10 Mar 2017 | Hao Li, Asim Kadav, Igor Durdanovic, Hanan Samet, Hans Peter Graf
The paper "Pruning Filters for Efficient ConvNets" by Hao Li addresses the challenge of reducing the computational and storage costs of Convolutional Neural Networks (CNNs) without compromising accuracy. Traditional methods, such as magnitude-based pruning of weights, often remove a significant number of parameters from fully connected layers, which may not effectively reduce computation costs in convolutional layers due to irregular sparsity. The authors propose a novel approach that prunes filters from CNNs, which are identified as having a small effect on output accuracy. By removing entire filters along with their connecting feature maps, the computation costs are significantly reduced. This method does not introduce sparse connectivity patterns, making it compatible with existing efficient BLAS libraries for dense matrix multiplications.

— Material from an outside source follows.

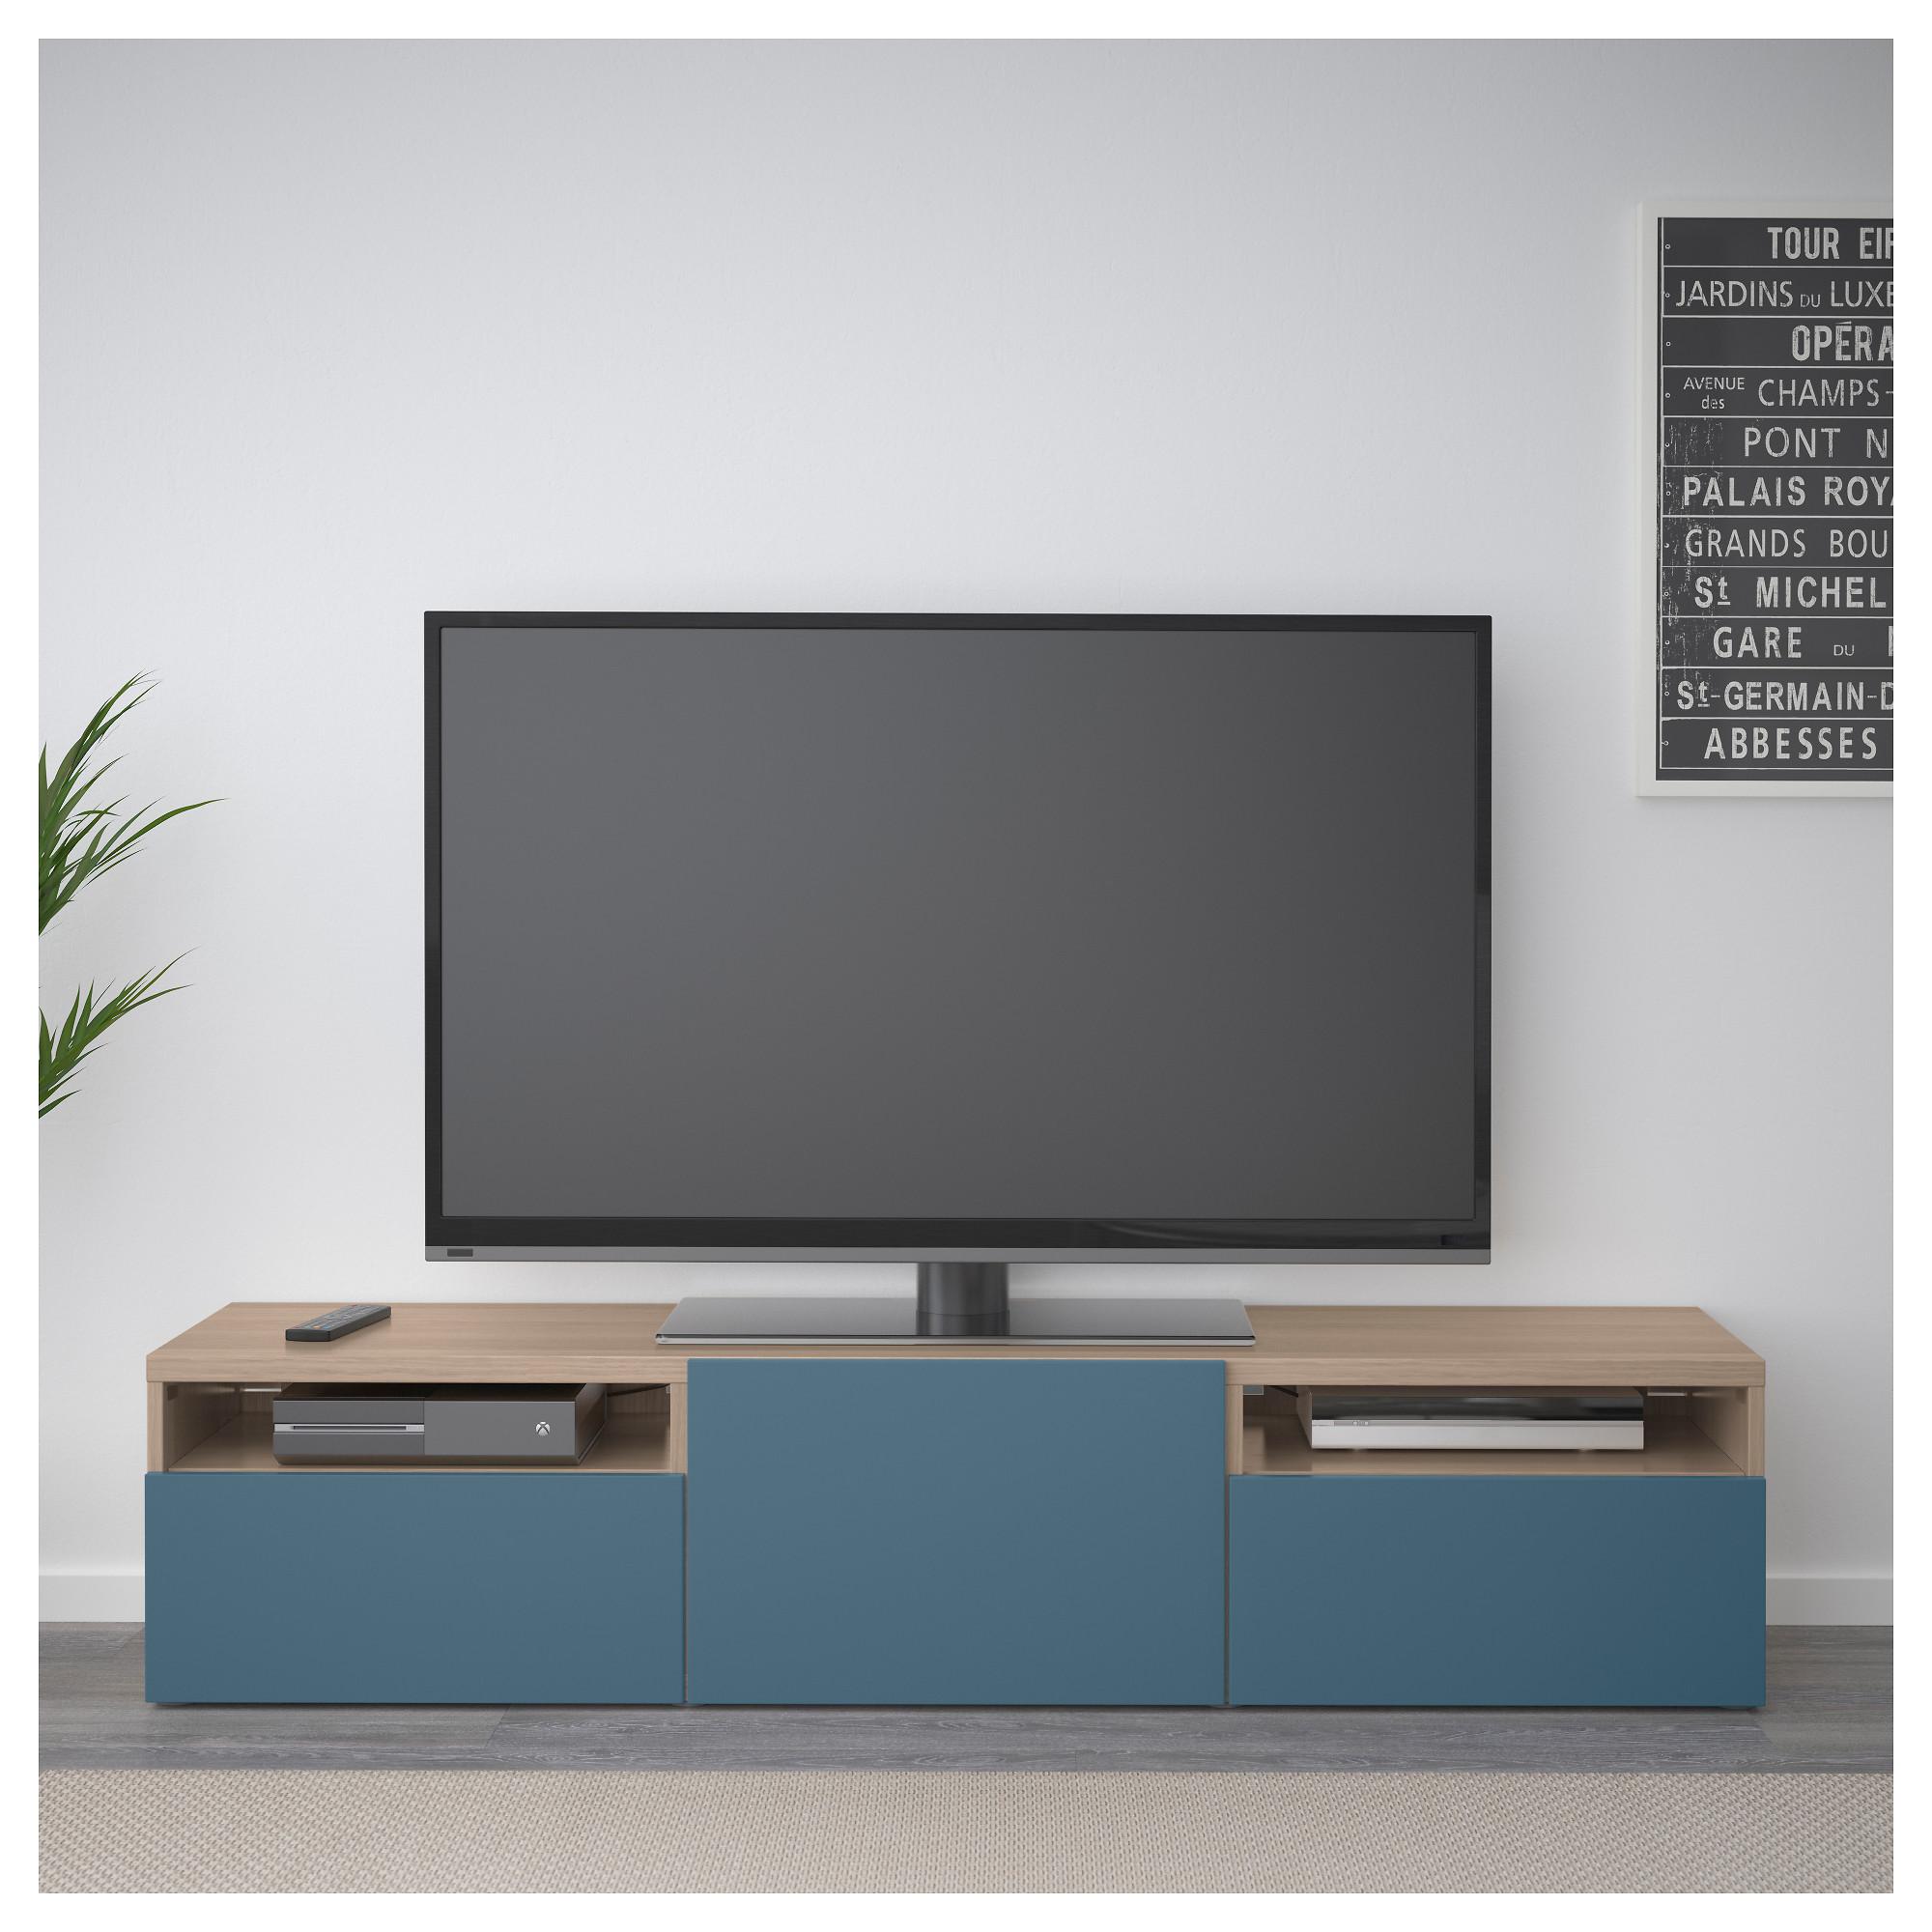 Тумба для ТВ с ящиками БЕСТО темно-синий артикуль № 692.503.36 в наличии. Online каталог IKEA Минск. Недорогая доставка и монтаж.

The paper demonstrates that simple filter pruning techniques can reduce inference costs for VGG-16 by up to 34% and ResNet-110 by up to 38% on the CIFAR-10 dataset while maintaining close to the original accuracy through retraining. The authors also introduce a one-shot pruning and retraining strategy to save time, which is particularly beneficial for pruning deep networks. They analyze the sensitivity of different layers to pruning and propose strategies to determine the optimal pruning rates for each layer. The effectiveness of their method is validated through experiments on VGG-16, ResNet-56/110, and ResNet-34, showing significant reductions in FLOPs with minimal accuracy loss. The paper concludes by discussing the advantages of their approach over other pruning methods and its potential for further improving deep network architectures.The paper "Pruning Filters for Efficient ConvNets" by Hao Li addresses the challenge of reducing the computational and storage costs of Convolutional Neural Networks (CNNs) without compromising accuracy. Traditional methods, such as magnitude-based pruning of weights, often remove a significant number of parameters from fully connected layers, which may not effectively reduce computation costs in convolutional layers due to irregular sparsity. The authors propose a novel approach that prunes filters from CNNs, which are identified as having a small effect on output accuracy. By removing entire filters along with their connecting feature maps, the computation costs are significantly reduced. This method does not introduce sparse connectivity patterns, making it compatible with existing efficient BLAS libraries for dense matrix multiplications.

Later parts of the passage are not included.